Furthermore, Gemini can serve as the engine for more advanced coding systems. Two years ago, we introduced AlphaCode, the first AI code generation system to achieve a competitive level of performance in programming competitions.
Utilizing a specialized version of Gemini, we developed an advanced code generation system, AlphaCode 2, which excels in solving competitive programming problems extending beyond coding to encompass complex math and theoretical computer science.
Google is committed to advancing responsible AI practices with a focus on bold initiatives. Building upon Google’s AI Principles and robust safety policies implemented across products, new measures are being added to account for the multimodal capabilities of Gemini. Throughout the developmental stages, potential risks are carefully considered, and efforts are made to test and address them.

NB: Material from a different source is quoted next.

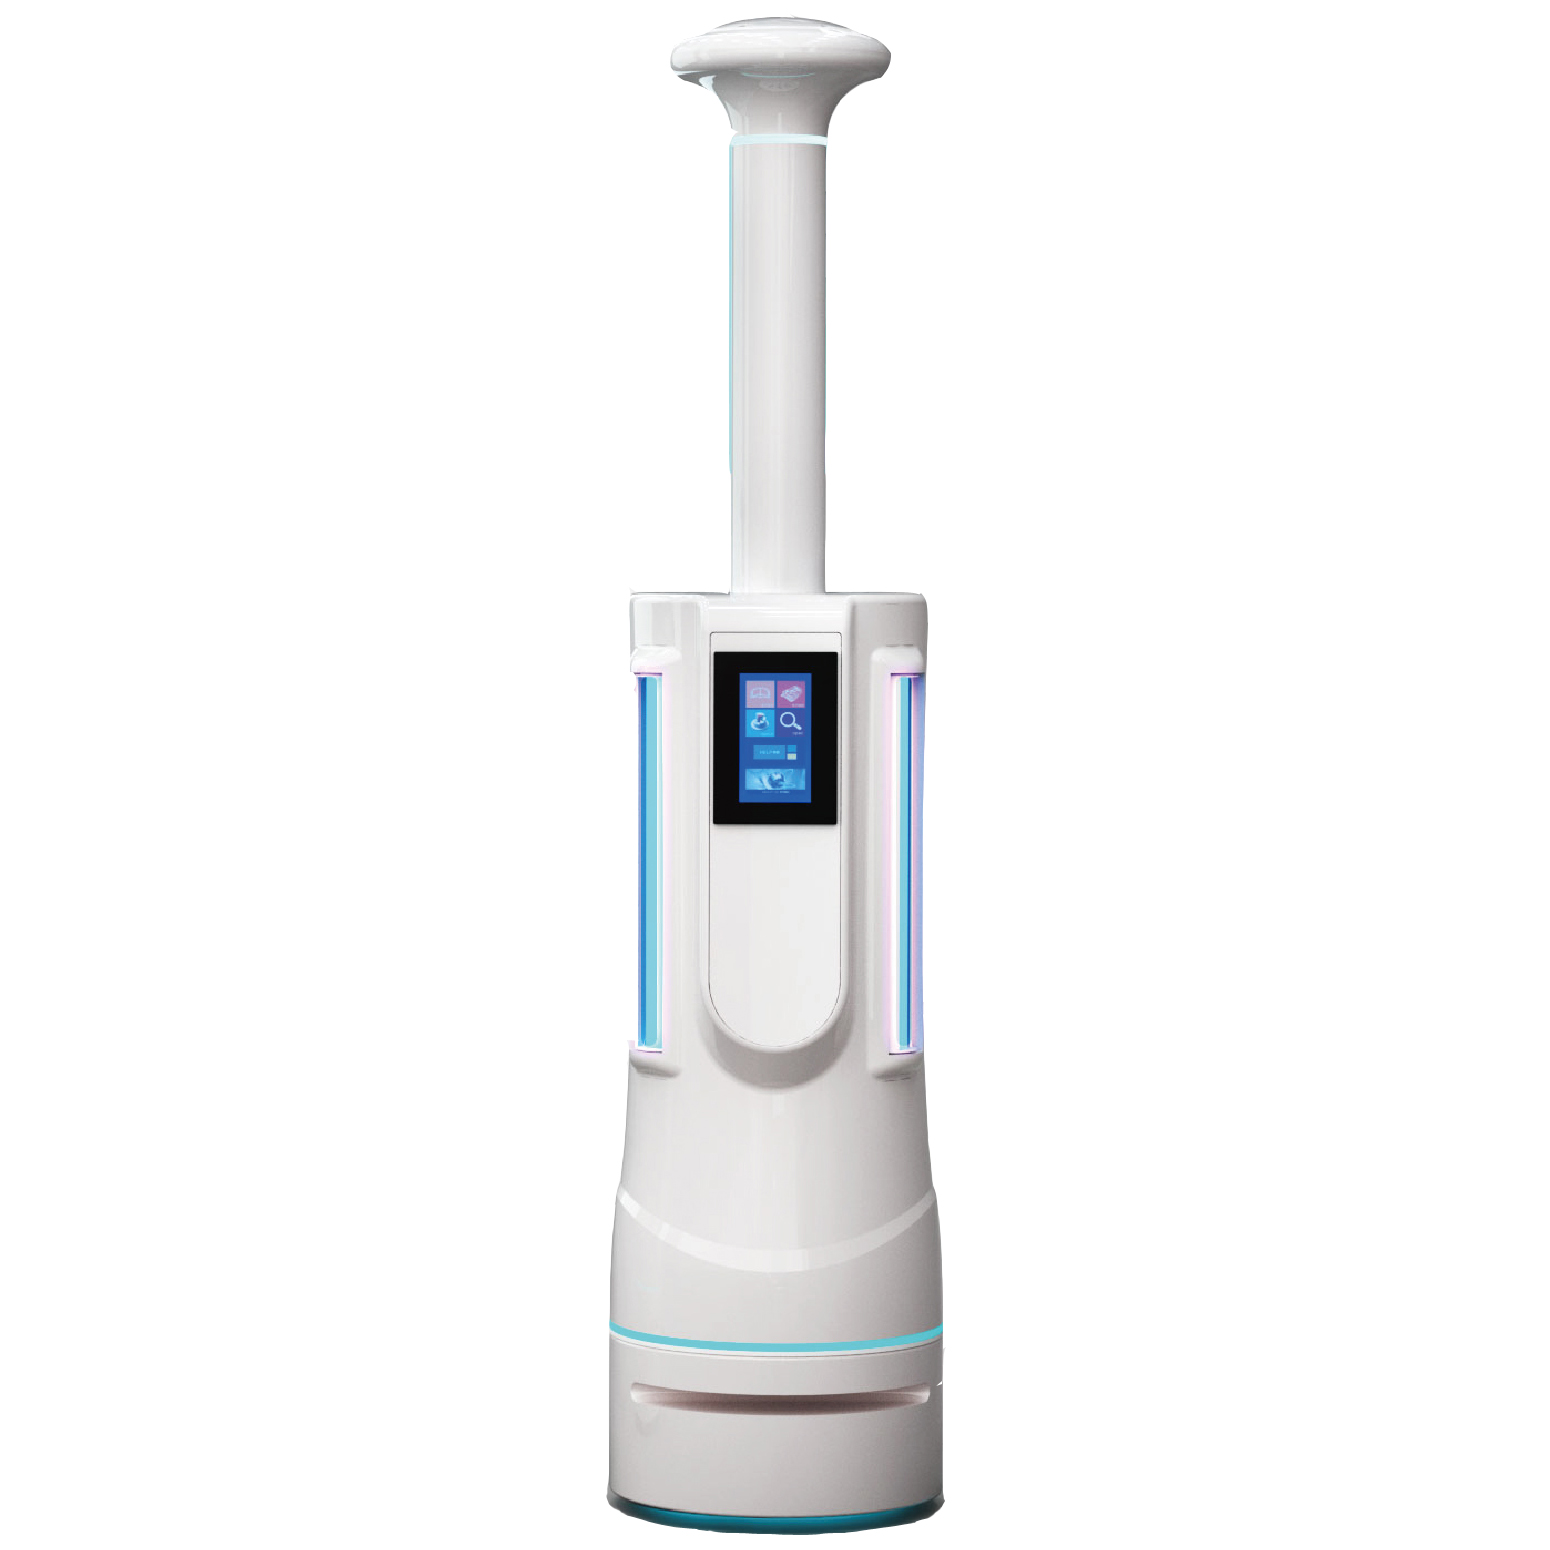 FYB-K3 AI Intelligent Disinfection Robot Cleaner with UV And HOCL Hypochlorous Acid Plasma Air Purifier Hepa Filter

Gemini undergoes extensive safety evaluations, surpassing those of any previous Google AI model, covering aspects such as bias and toxicity. Novel research is conducted to identify and address potential risks in areas like cyber-offense, persuasion, and autonomy. Google Research’s advanced adversarial testing techniques are applied to proactively identify critical safety issues before Gemini’s deployment.

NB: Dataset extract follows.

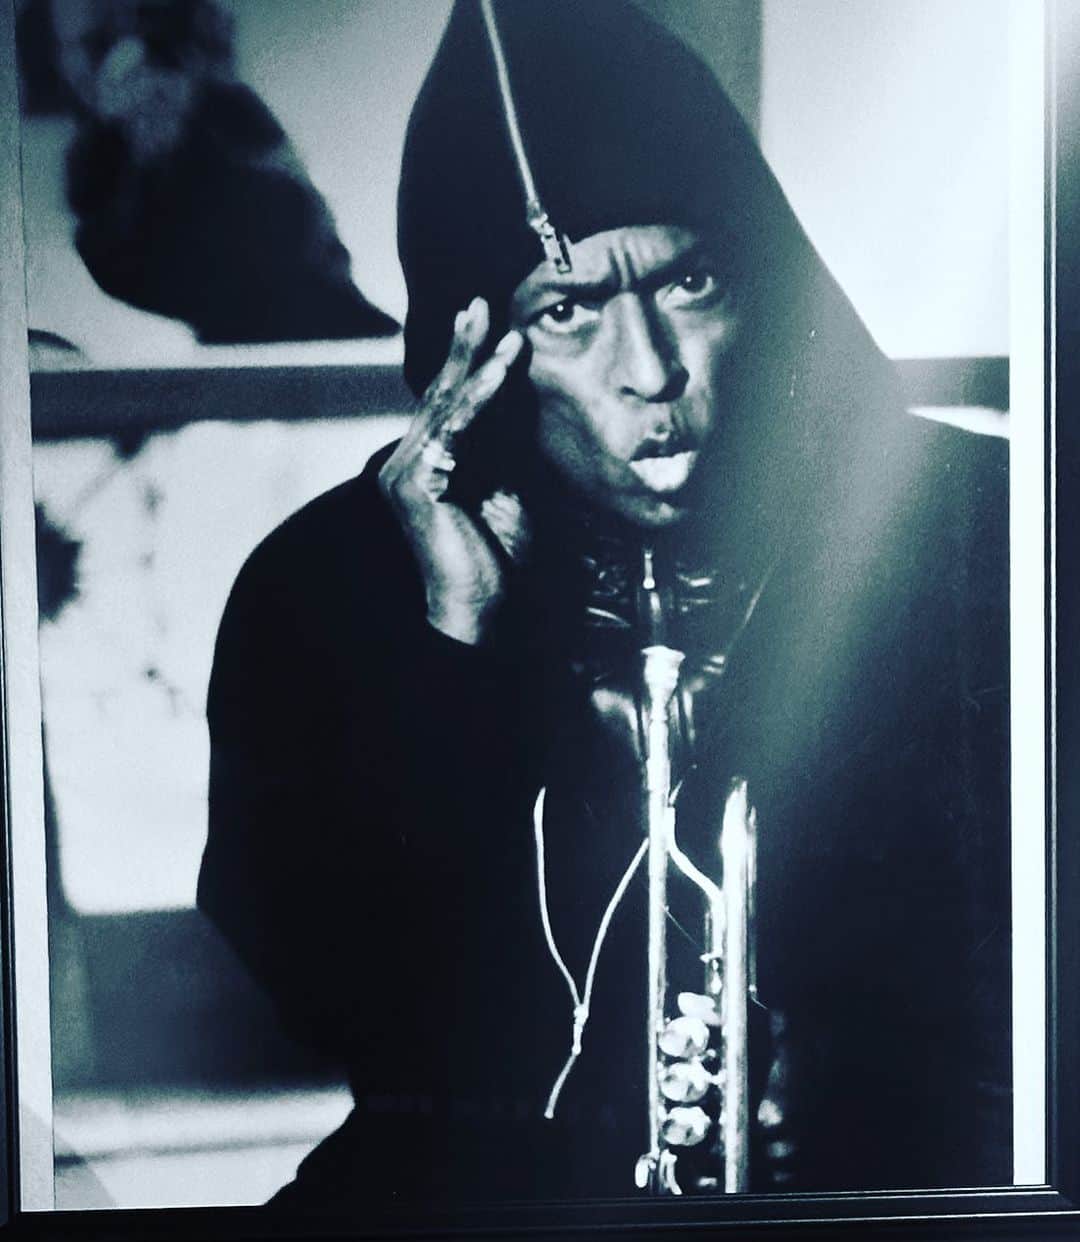 日野賢二のインスタグラム：「Just love this picture of Miles! You can see rare Miles David Photographs @ Absolute Blue ( live house club joint but also got the gallery vibe)  Works of designer  Koshin Satoh (Arrston Volaju) Miles wore his wardrobe and I was wearing them in the 90’s and so did my Father,Marcus,Misia,Cameo,Andy Warhol to name a Few.  About 70 works by costume designer Kohshin Satoh for Miles Davis and Marcus Miller will be exhibited and sold at Absolute Blue!  Most of them are one-of-a-kind items that you can't get anywhere else, such as for exhibitions in Paris. All the works you want to see just by looking at them. Please let me know if you find something you want for your stage costume or everyday use. We will discuss the price with you 😊✨💖  [Date and time] 7/26 (Wed)-29 (Sat) 11:00-21:00 [Venue] Ikebukuro Ekimae Live House "Absolute Blue" 　　　　https://absol.blue [Address] 1-15-6 Nishi-Ikebukuro, Toshima-ku, Tokyo 171-0021 Toshima Kaikan B2F [Tel] 03-5904-8576  ★Reservations are not required. Please come along 😊  ▼Kohshin Satoh https://www.kohshinsatoh.jp/about-me  [Designer Sato Koshin] Kohshin Satoh Established Arrston Volaju Co., Ltd. in 1975. He has attracted attention for his free-spirited and fresh designs that break the conventional concepts and common sense of the fashion world.  Since 1983, he has participated in the Tokyo Collection, sparking a men's designer brand boom.  Its momentum has developed into a social phenomenon, influencing not only the clothing industry, but also youth customs and many other industries.  He was highly regarded overseas as a leading Japanese menswear designer, and was worn by world-famous superstars such as jazz trumpeter Miles Davis and famous pop art artist Andy Warhol.  Since 1986, he has participated in two major collections in Paris and New York, and has established his position as a world-famous designer both in name and reality.  He is also talented in interior design, wristwatches, objects, and graphics.」

Collaboration with a diverse group of external experts and partners helps stress-test the models across various issues and identify potential blind spots.

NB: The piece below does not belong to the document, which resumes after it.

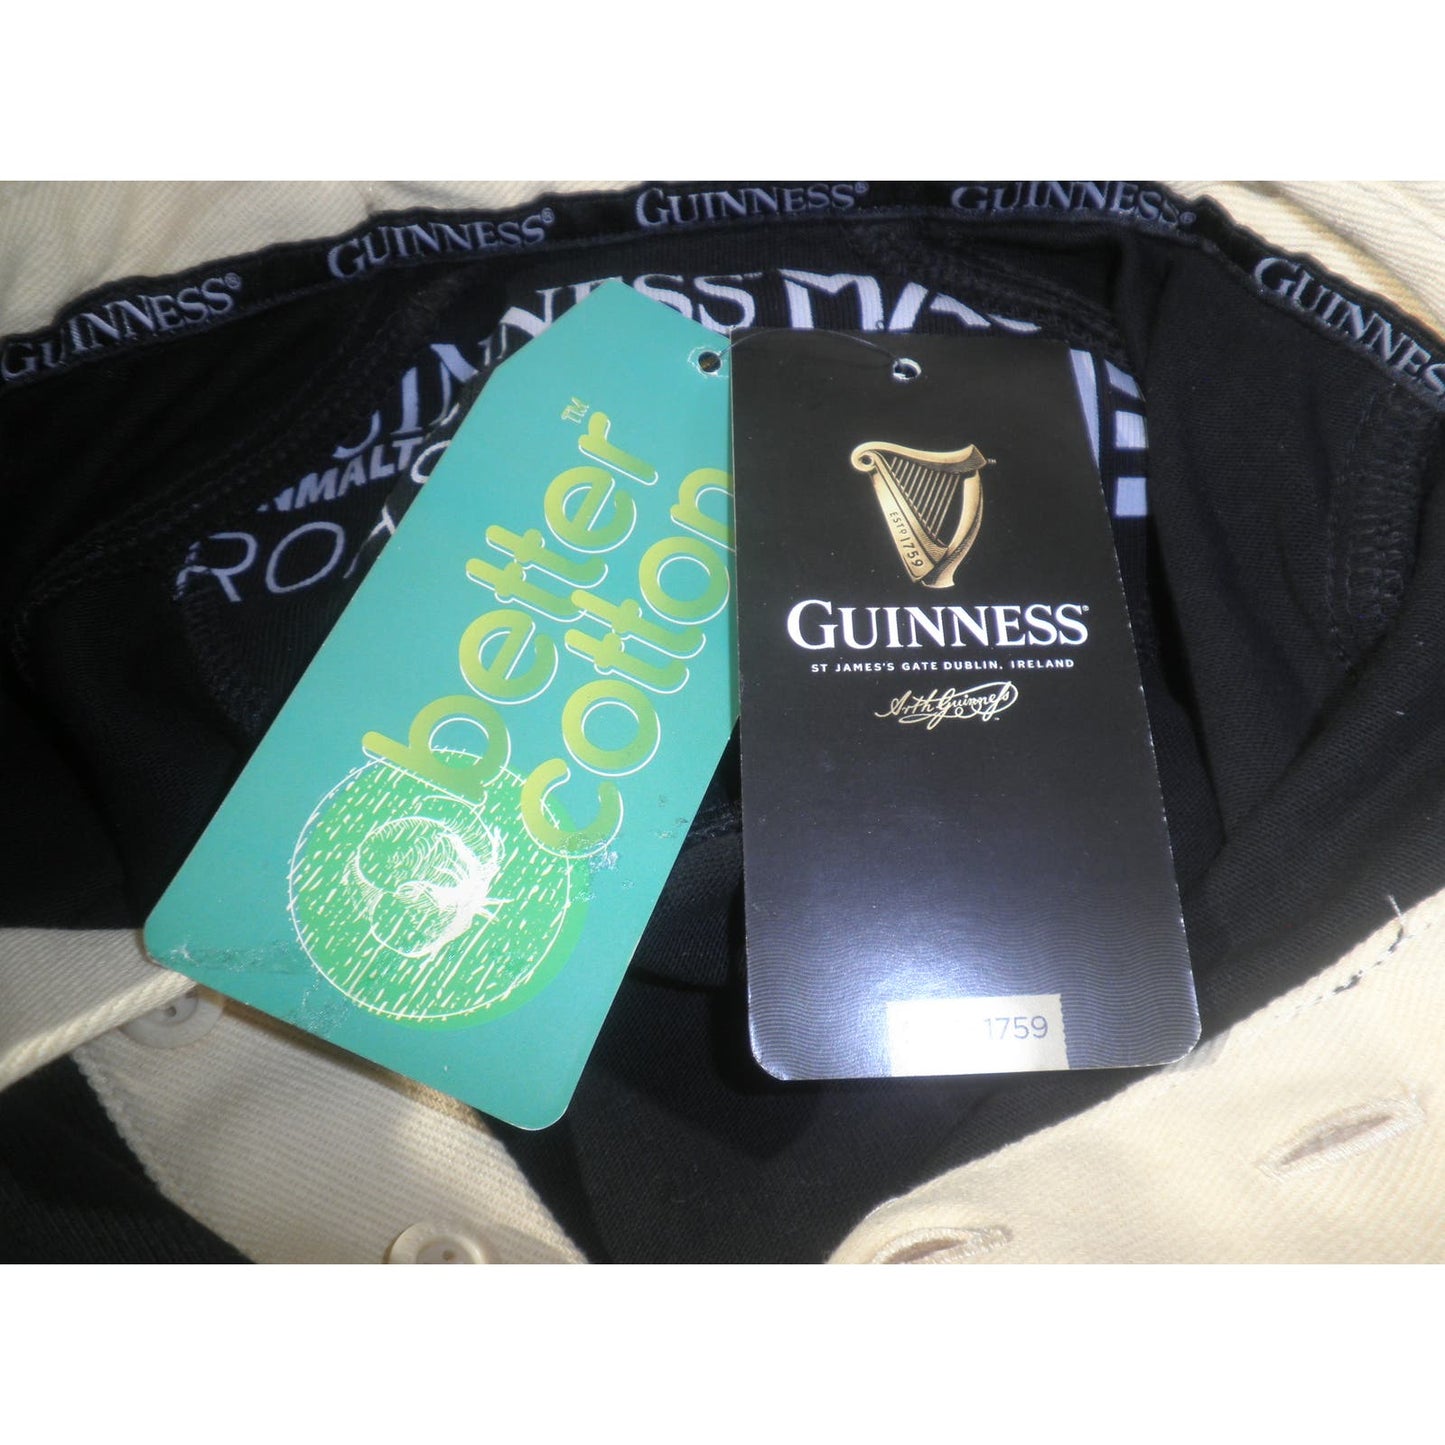 Guinness Traditional Black and Cream Long-Sleeve Rugby Jersey, XL, 100% Cotton

During Gemini’s training phases, benchmarks such as Real Toxicity Prompts are utilized. This set, consisting of 100,000 prompts with varying toxicity levels from the web, developed by experts at the Allen Institute for AI, aids in diagnosing content safety issues. More details on this work will be disclosed soon.
To minimize harm, dedicated safety classifiers have been built to recognize, label, and filter out content involving violence or negative stereotypes. Ongoing efforts address known challenges for models, including aspects such as factuality, grounding, attribution, and corroboration.
Responsibility and safety remain central to the development and deployment of Google’s models. This commitment involves collaborative efforts, with partnerships established with the industry and broader ecosystem to define best practices and set safety and security benchmarks through organizations like MLCommons, the Frontier Model Forum, its AI Safety Fund, and the Secure AI Framework (SAIF). SAIF is specifically designed to mitigate security risks associated with AI systems in both public and private sectors. Ongoing collaboration with researchers, governments, and civil society groups worldwide is prioritized as Gemini continues to be developed.
Gemini is being introduced to billions of people through various Google products. Bard will utilize a refined version of Gemini Pro, enhancing its capabilities in reasoning, planning, understanding, and more. This marks the most significant upgrade to Bard since its launch. Initially available in English across more than 170 countries and territories, Google has plans to broaden its reach to different modalities, support new languages, and include additional locations in the near future.
Gemini is also making its way to Pixel devices. The Pixel 8 Pro is the first smartphone designed to run Gemini Nano, powering new features like Summarize in the Recorder app and rolling out in Smart Reply on Gboard, beginning with WhatsApp—with more messaging apps to follow next year.
In the upcoming months, Gemini will become available in more of our products and services, including Search, Ads, Chrome, and Duet AI.
Google has already begun experimenting with Gemini in Search, where it is enhancing Search Generative Experience, providing users with a 40% reduction in latency in English in the U.S., along with improvements in quality.
Gemini marks a noteworthy achievement in the progress of AI. It signals the commencement of a new era for Google as they persist in swiftly innovating and responsibly pushing the boundaries of their models.